━━━━━ Data records

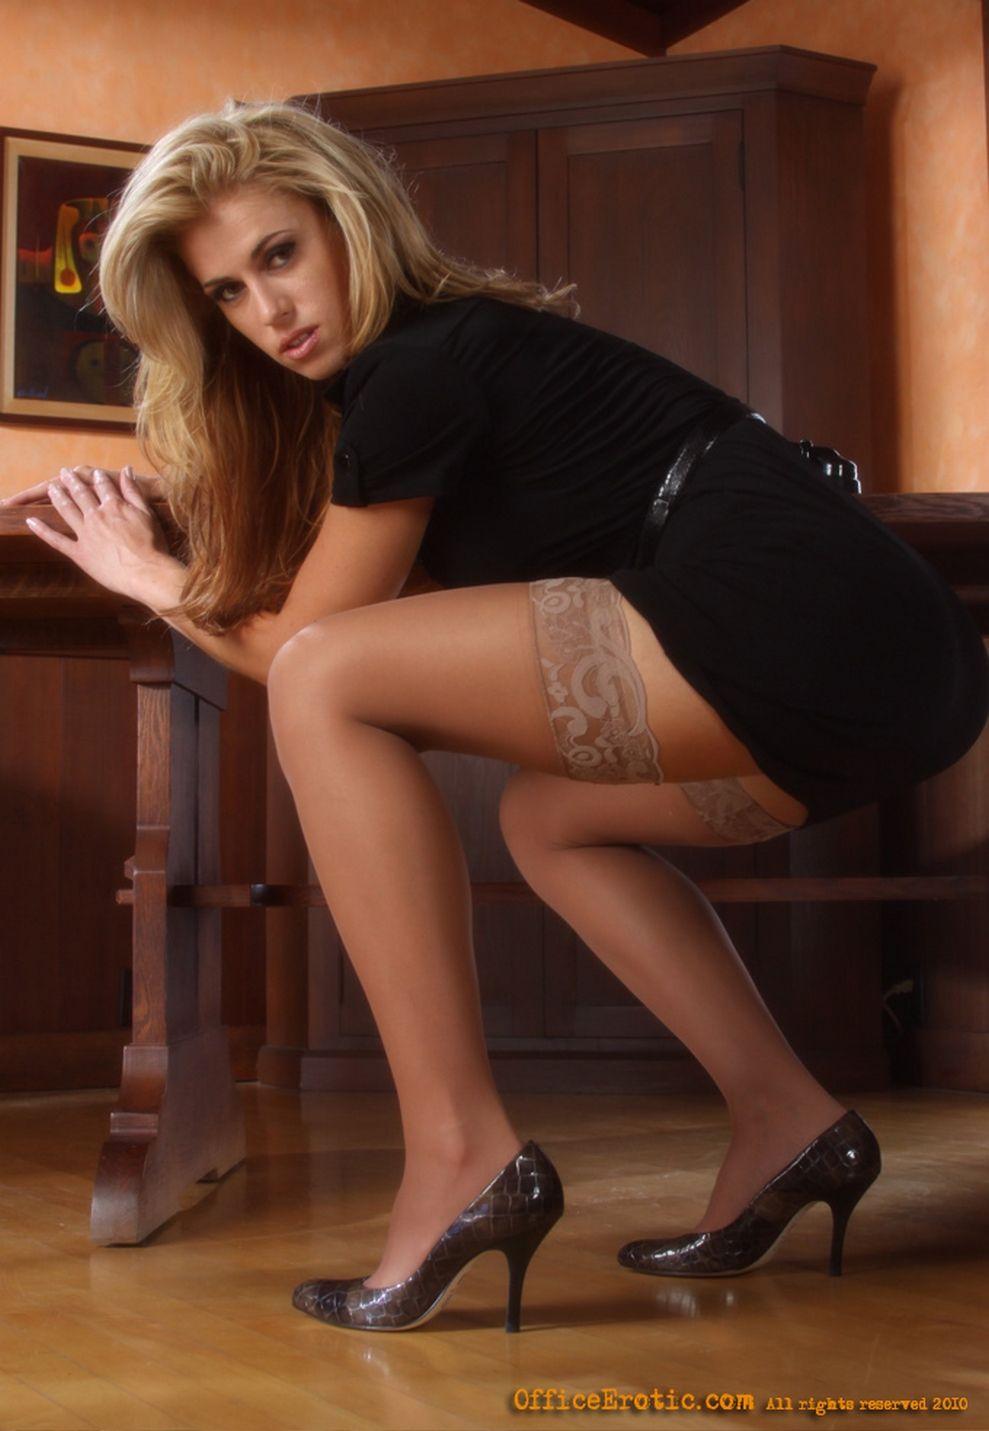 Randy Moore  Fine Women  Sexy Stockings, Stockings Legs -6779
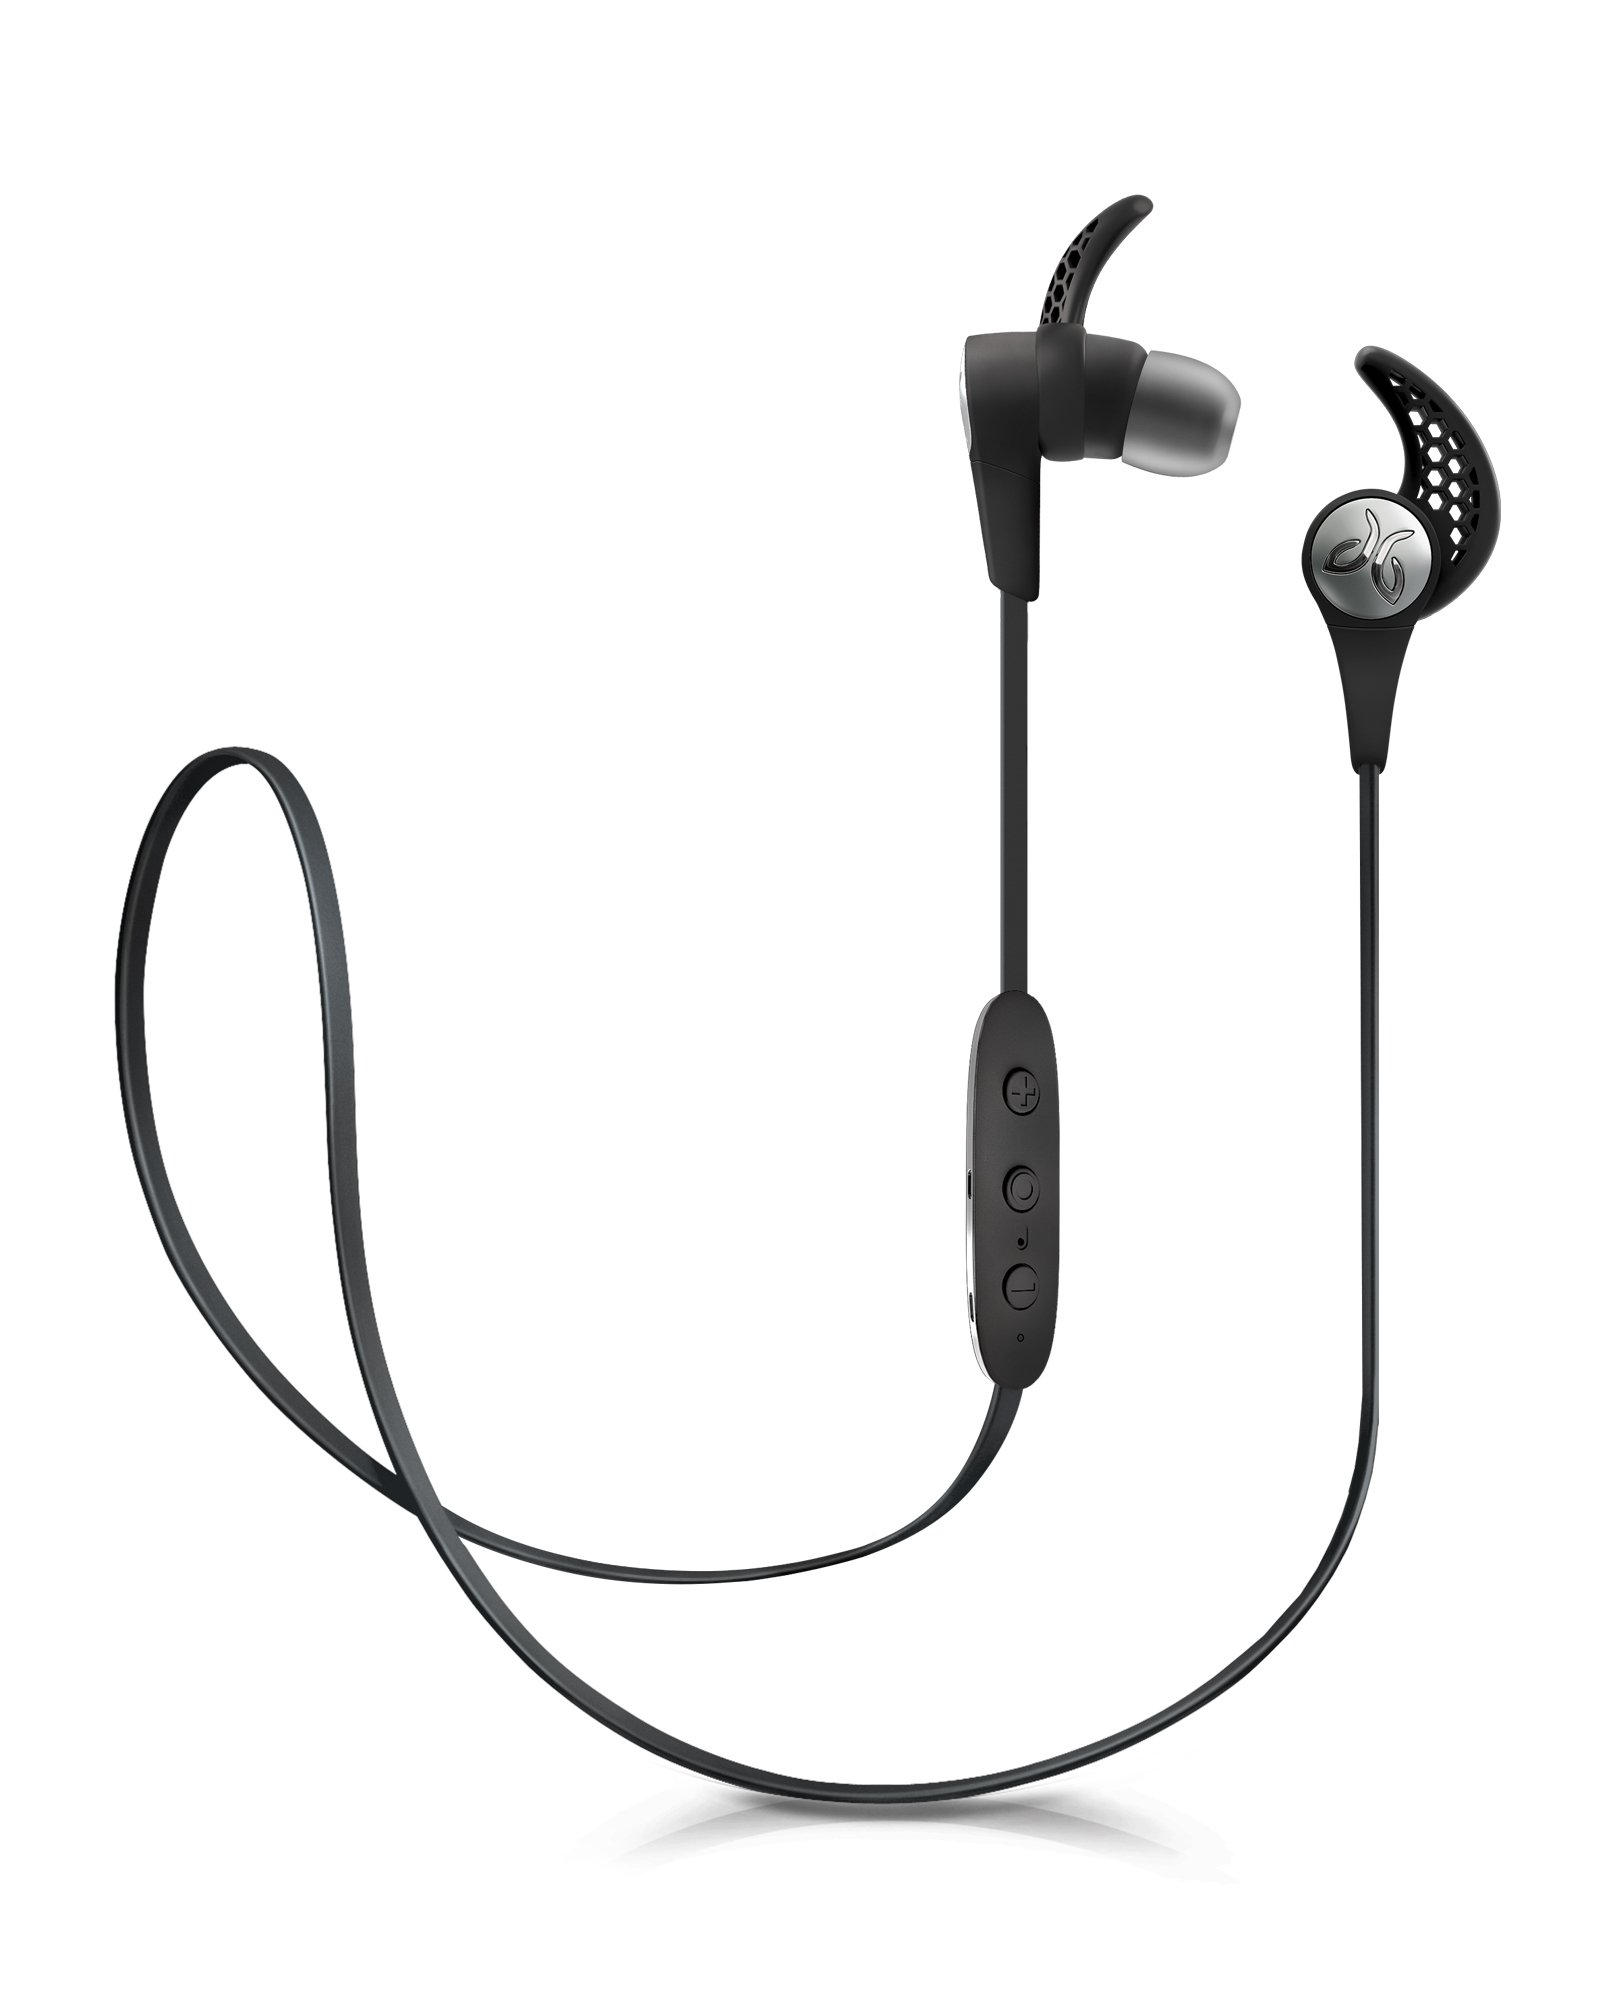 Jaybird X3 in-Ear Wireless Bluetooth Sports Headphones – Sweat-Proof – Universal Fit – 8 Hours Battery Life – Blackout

━━━━━━━━━━
━━━━━ Data records

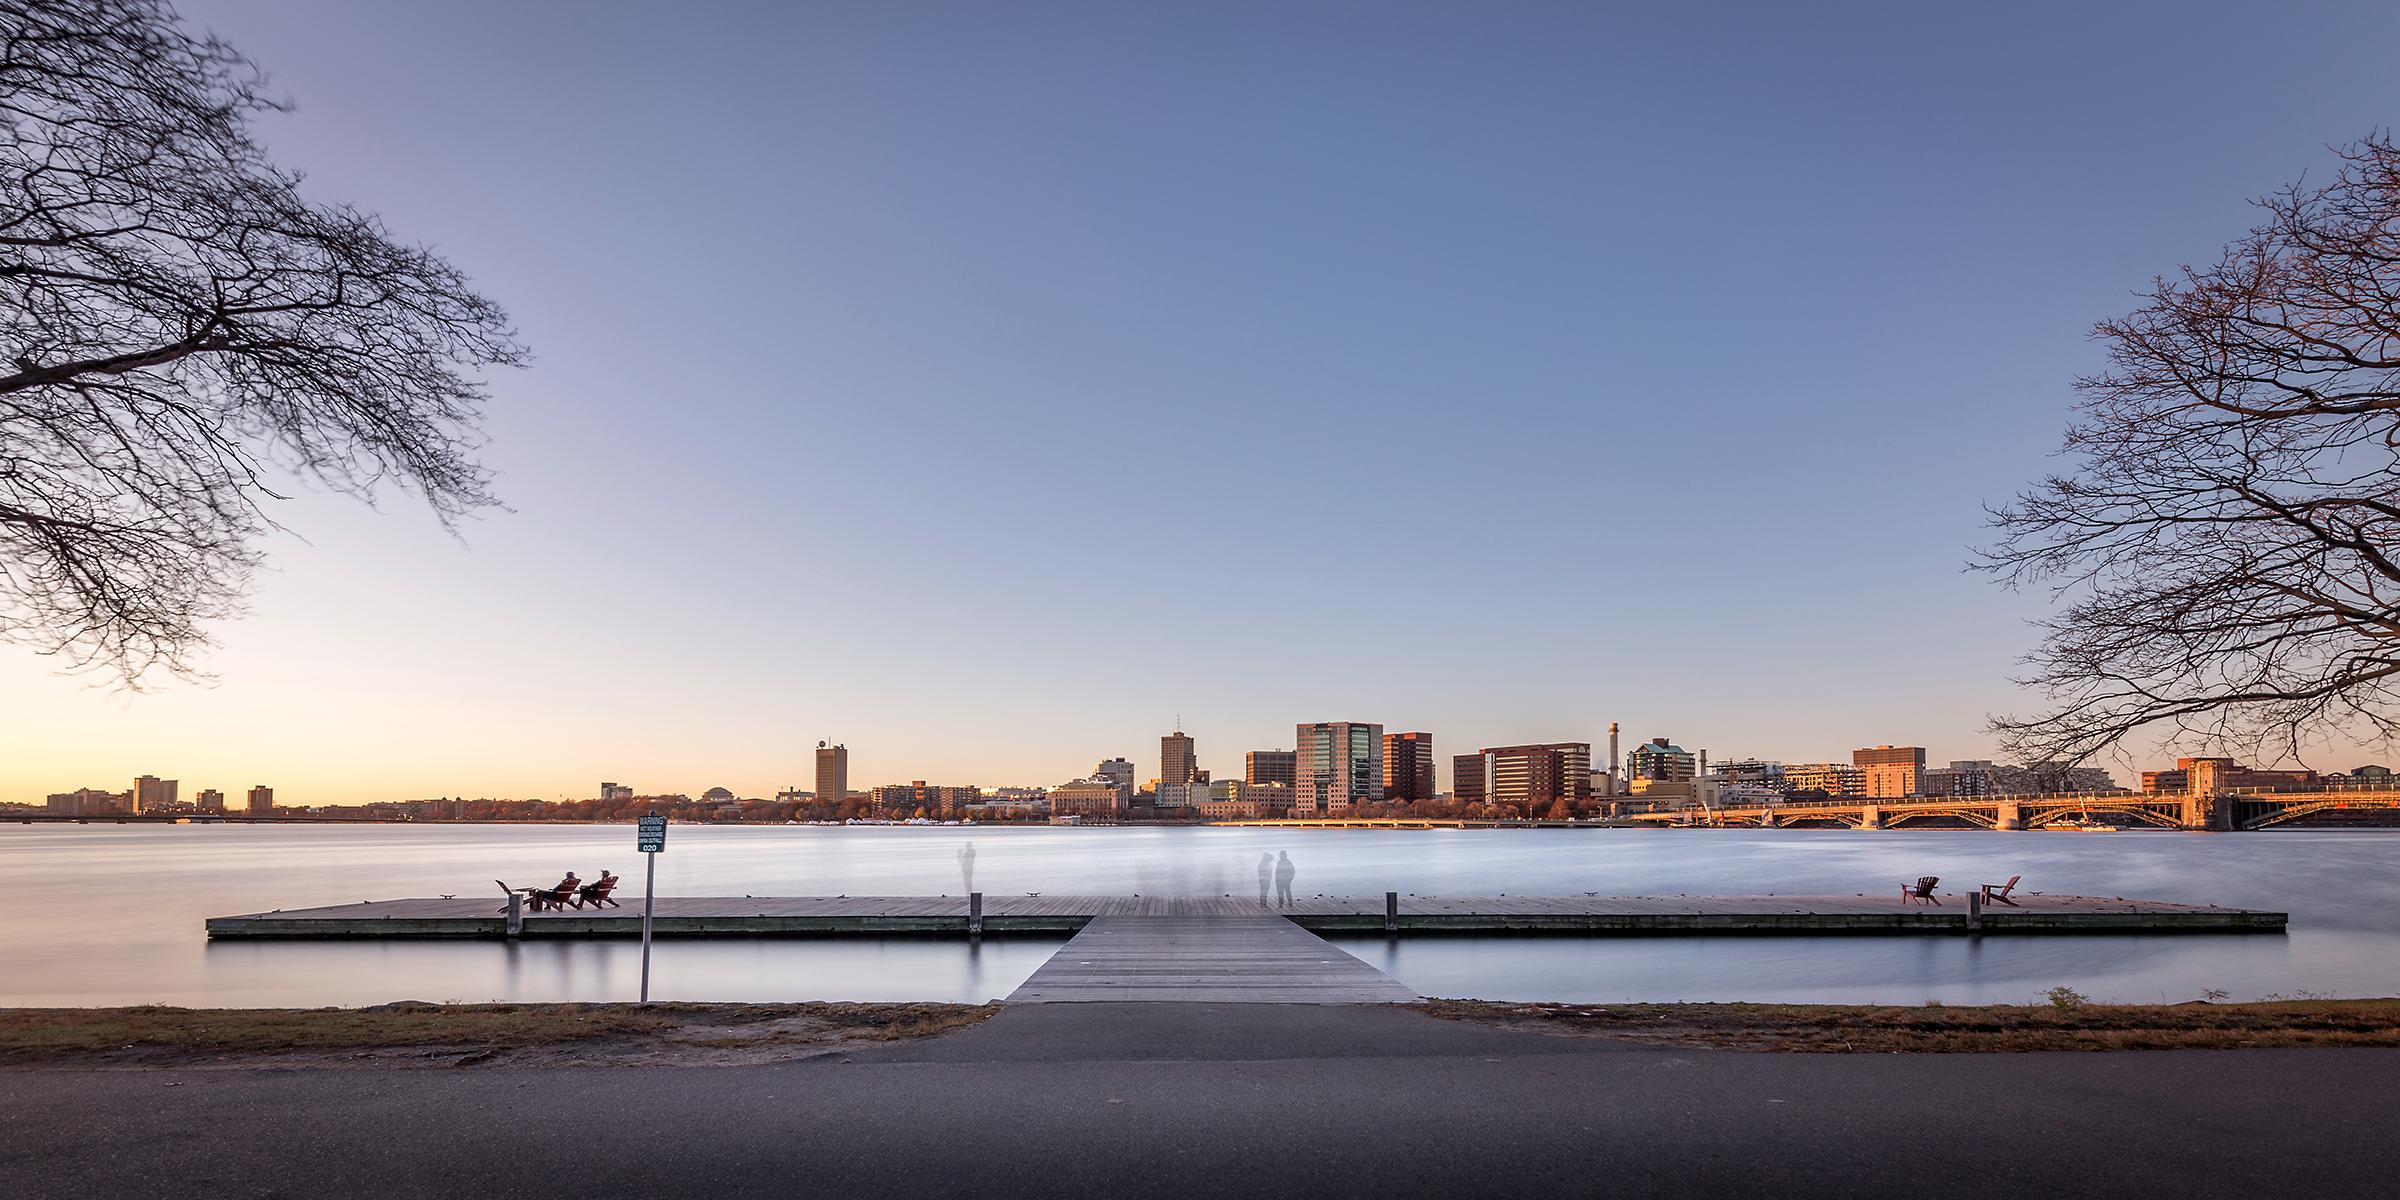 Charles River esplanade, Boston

━━━━━━━━━━

_What the task requires_
Transcribe only this stretch of the data: the line with "Stockings Legs -6779", the line with "Jaybird X3 in-Ear", and every line in between. Leave out the pictures.

_Expected output_
 Randy Moore  Fine Women  Sexy Stockings, Stockings Legs -6779
 Jaybird X3 in-Ear Wireless Bluetooth Sports Headphones – Sweat-Proof – Universal Fit – 8 Hours Battery Life – Blackout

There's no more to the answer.